> [EXERCISE OBJECTIVE]:
Transcribe, starting at the line with "sailorrose logo design" and ending at the line with "2 carat d color diamond with VVS1 clarity", every line of the material below exactly, but leave out the pictures and anything outside that span.

> [RECORDS TO USE]:
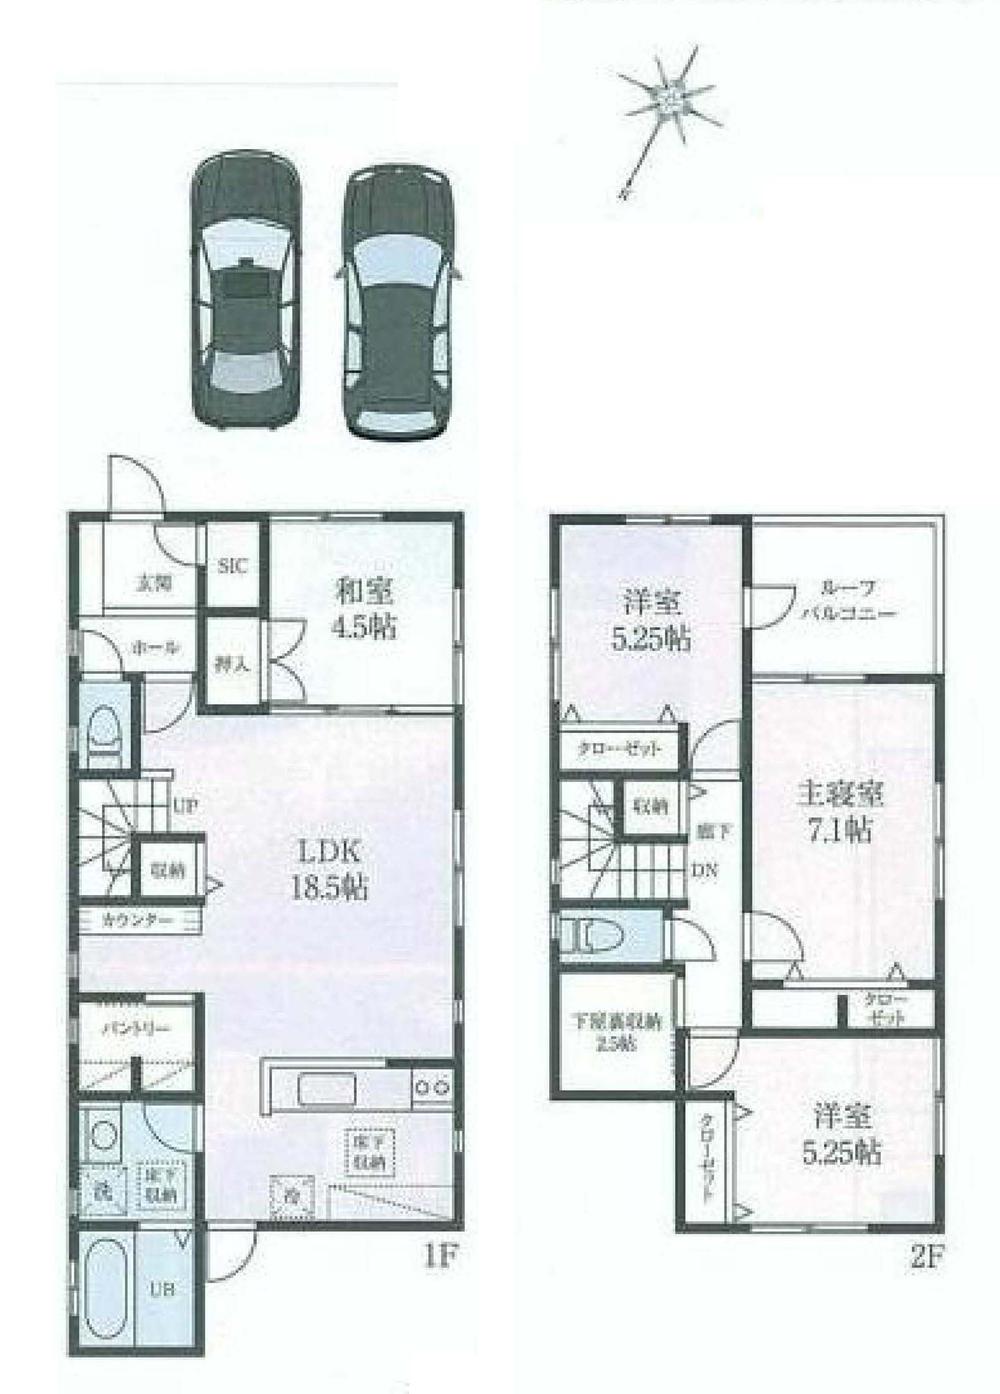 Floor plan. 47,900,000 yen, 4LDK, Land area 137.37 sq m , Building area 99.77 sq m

--

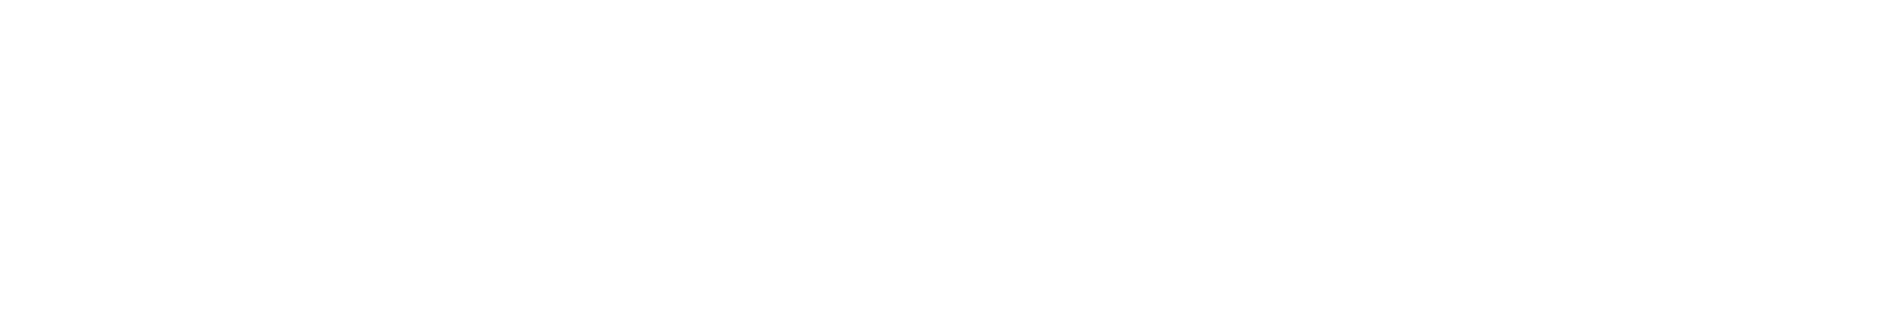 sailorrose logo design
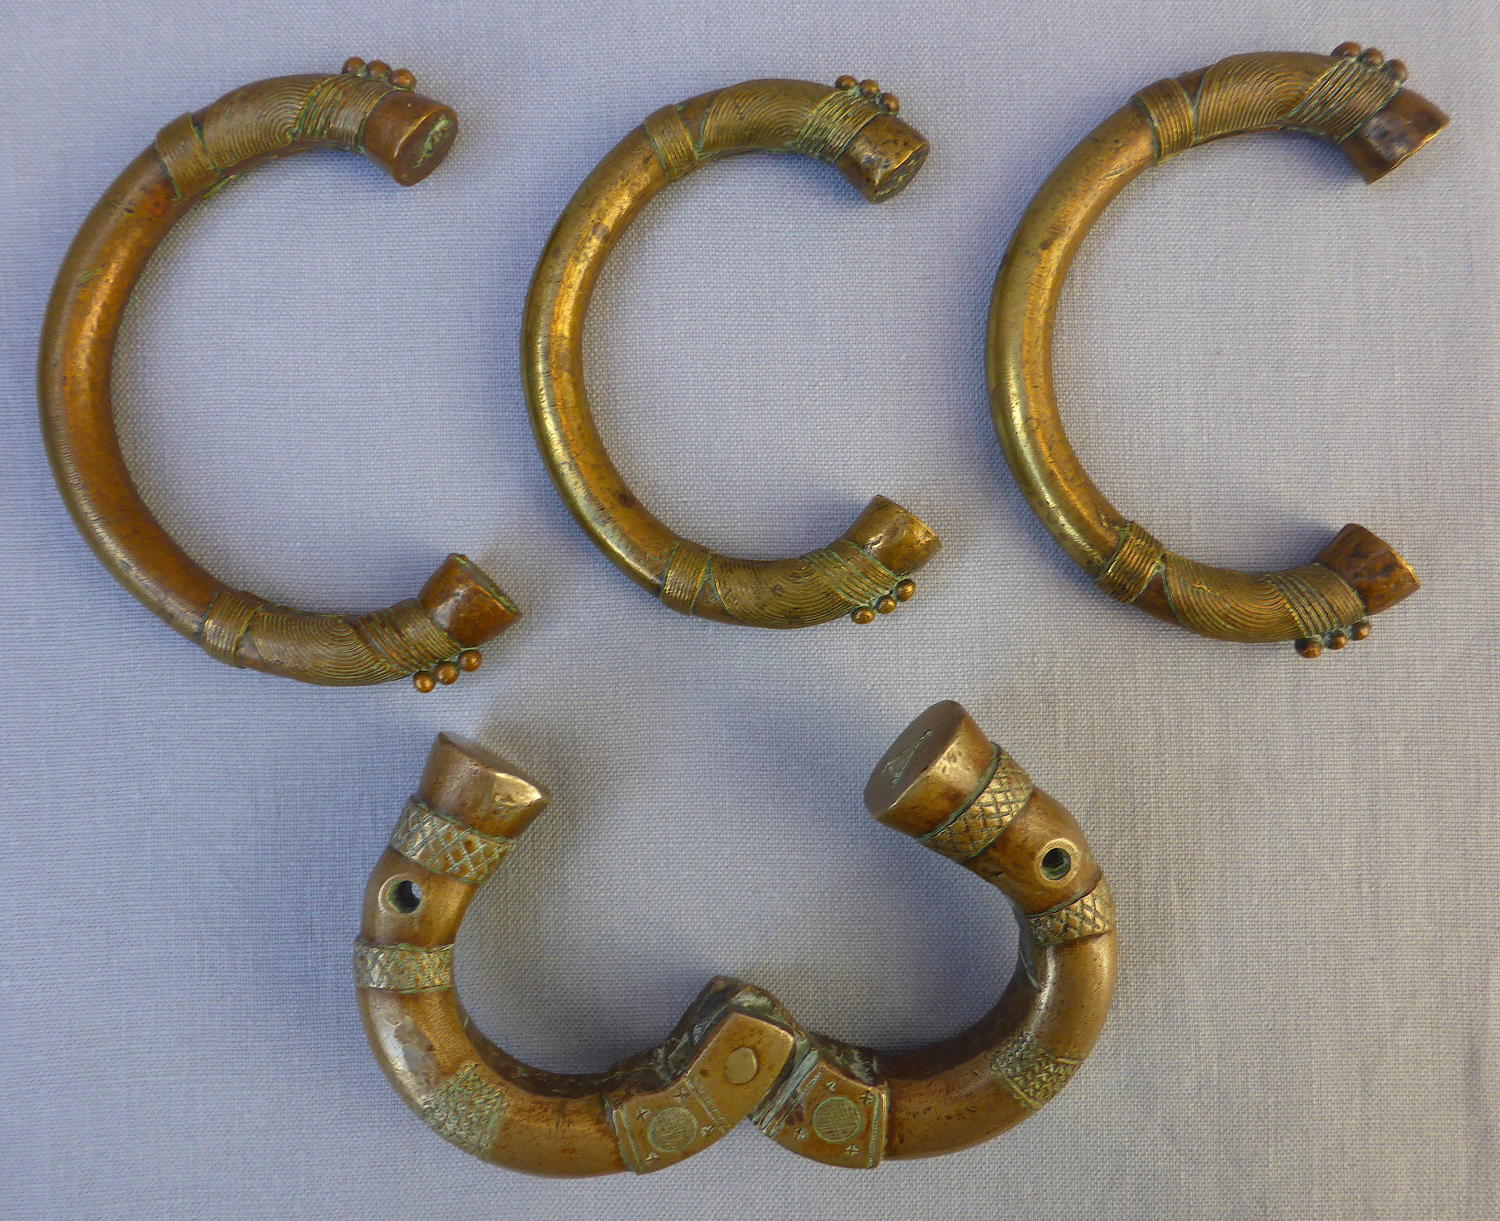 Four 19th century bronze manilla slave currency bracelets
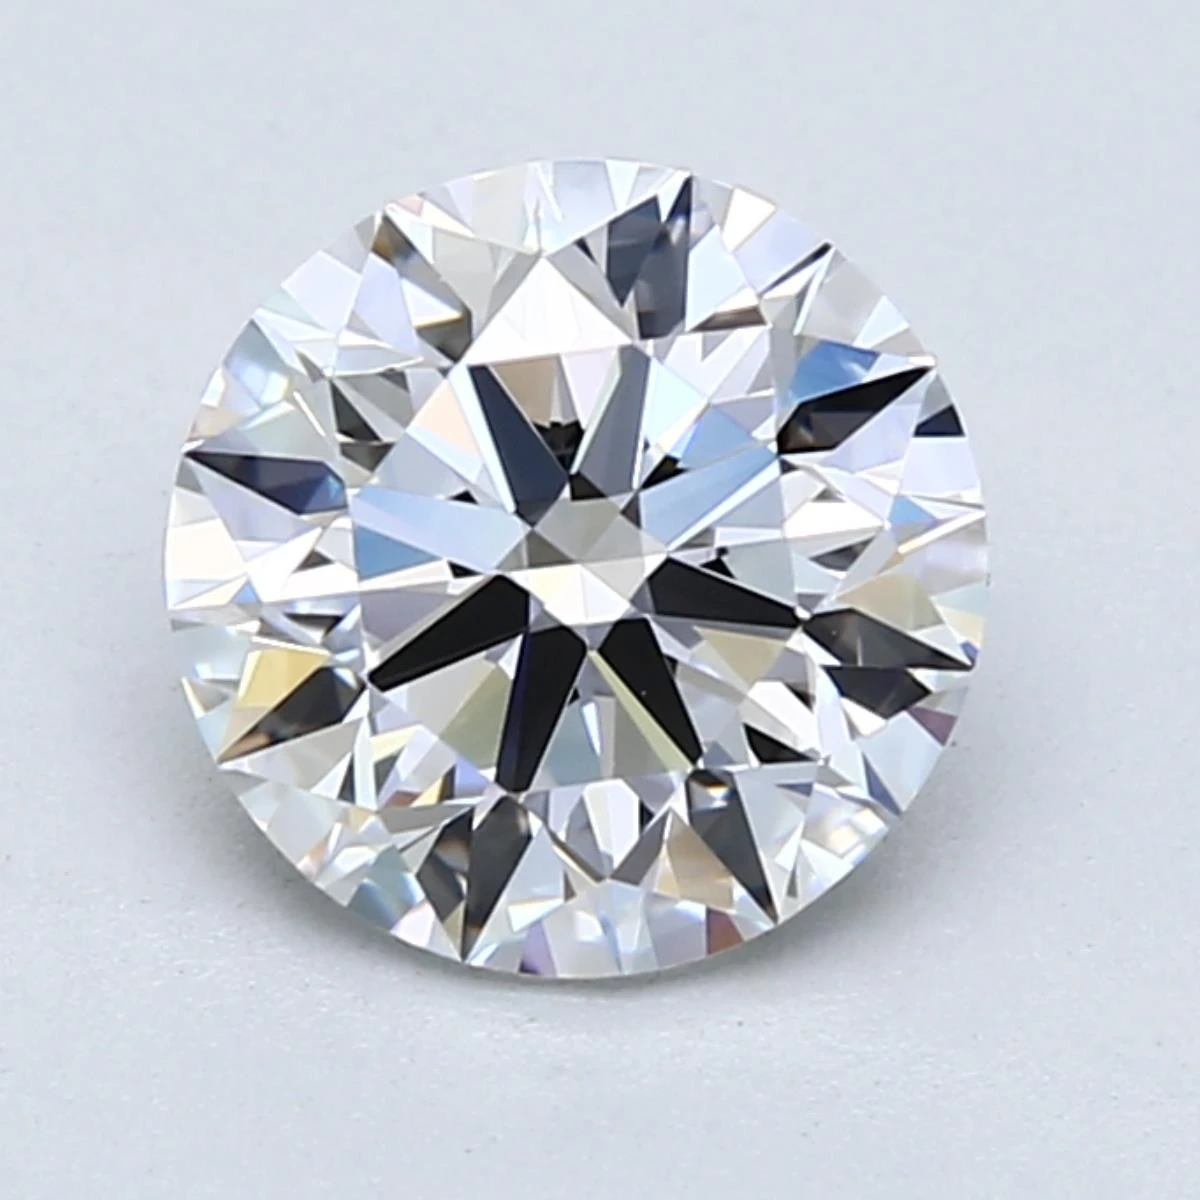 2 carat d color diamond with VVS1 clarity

> [RESULT]:
 sailorrose logo design
 Four 19th century bronze manilla slave currency bracelets
 2 carat d color diamond with VVS1 clarity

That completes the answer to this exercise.